Classifier-First Reinforcement Learning (CF-RL)

Updated 15 January 2026

Classifier-First Reinforcement Learning (CF-RL) is a paradigm that recasts RL by optimizing explicit classifiers, resulting in clear and interpretable policy rules.
It integrates symbolic methods (e.g., PPL-DL, PPL-ST) with deep RL techniques, enabling reward-free and example-driven policy search through evolutionary and Monte Carlo strategies.
CF-RL offers practical advantages including accelerated early reward gains, improved sample efficiency, and enhanced interpretability essential for explainable AI.

Classifier-First Reinforcement Learning (CF-RL) is a paradigm that recasts the policy learning problem in reinforcement learning as directly optimizing or evolving a set of explicit classifiers. Rather than representing the agent’s policy via value-tables, neural networks, or other global function approximators, CF-RL constructs the policy as an ensemble of symbolic or learned classification rules that determine actions. This approach underpins both recent developments in interpretable symbolic reinforcement learning systems and several modern techniques for reward-free or example-driven RL.
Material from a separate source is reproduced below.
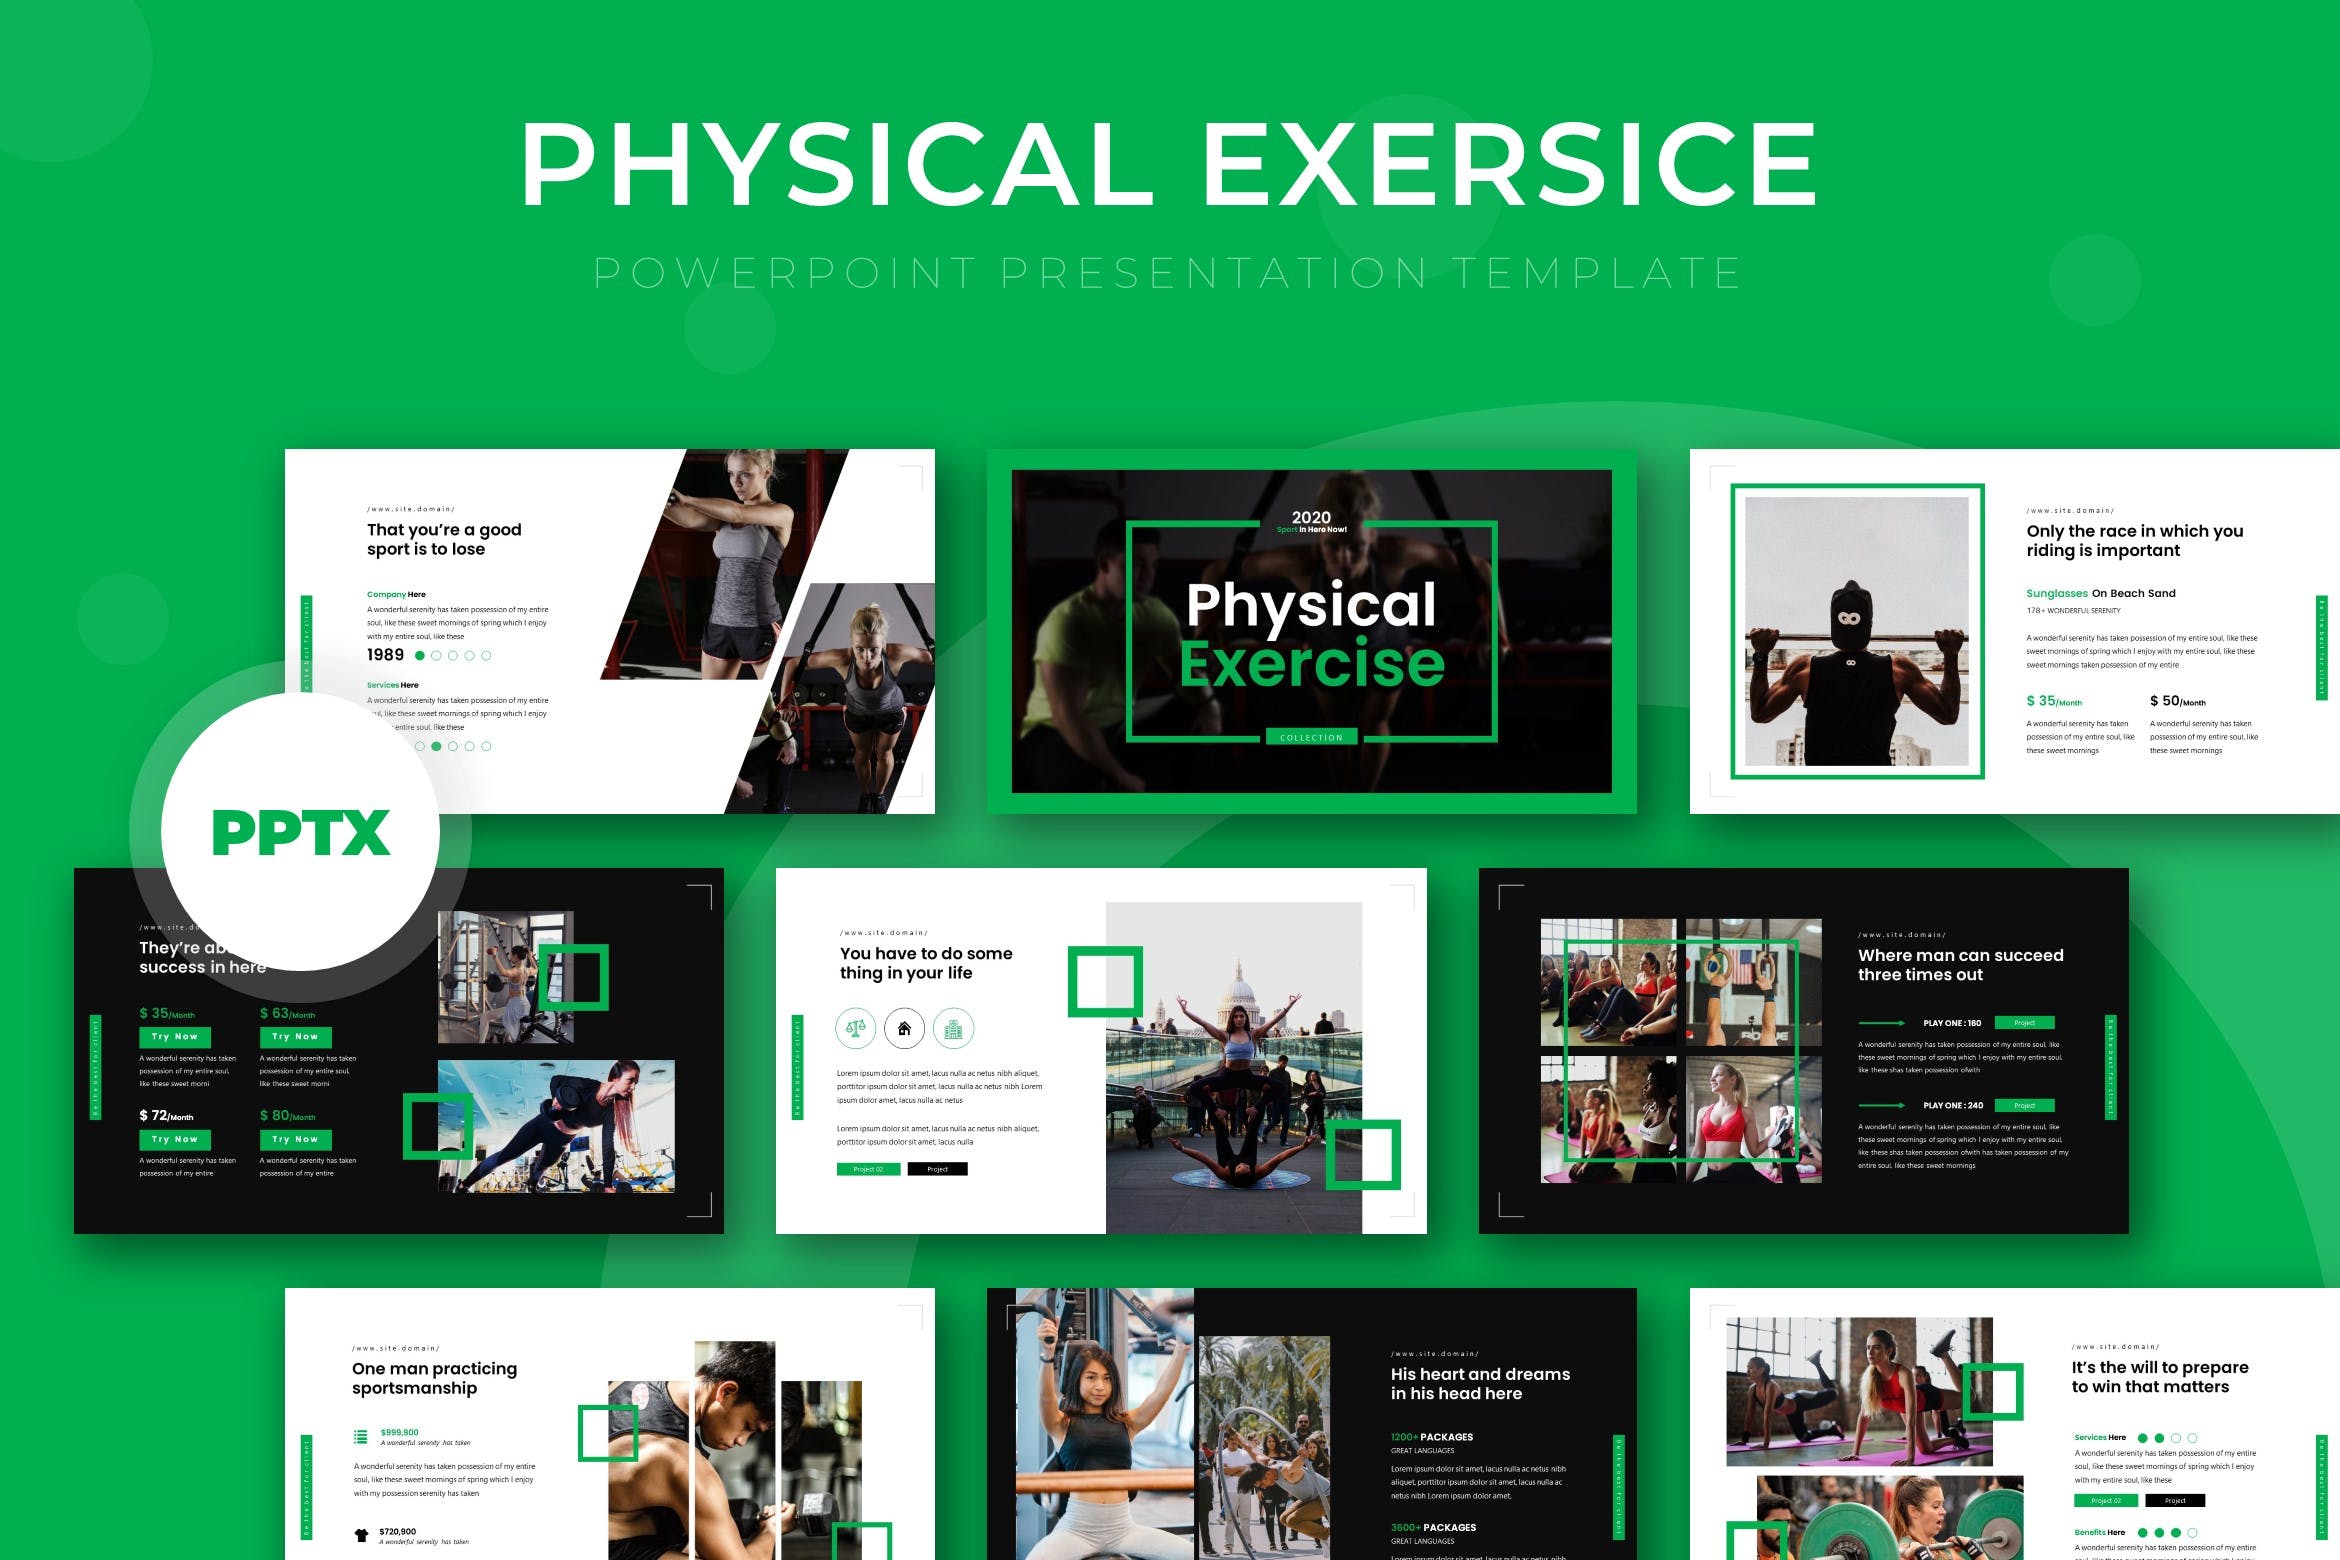 健身教程/健身俱乐部Google演示模板第一素材精选 Physical – Google Slide Template插图

1. Definition and Core Principles

In the CF-RL paradigm, the agent’s policy $\pi : S \to A$ is explicitly parameterized as a set or list of classifiers (rules), each delineating a region of the state space via a condition and prescribing a discrete action. Learning in CF-RL operates on these classifiers as atomic units—by refining their selection boundaries, predictions, and associated statistics—rather than through indirect or distributed updates as in value-based or pure policy-gradient approaches. Decision-making at runtime involves matching the current state against these classifiers and resolving potentially conflicting predictions through mechanisms such as ordered decision lists, strength-based arbitration, or learned conflict resolution.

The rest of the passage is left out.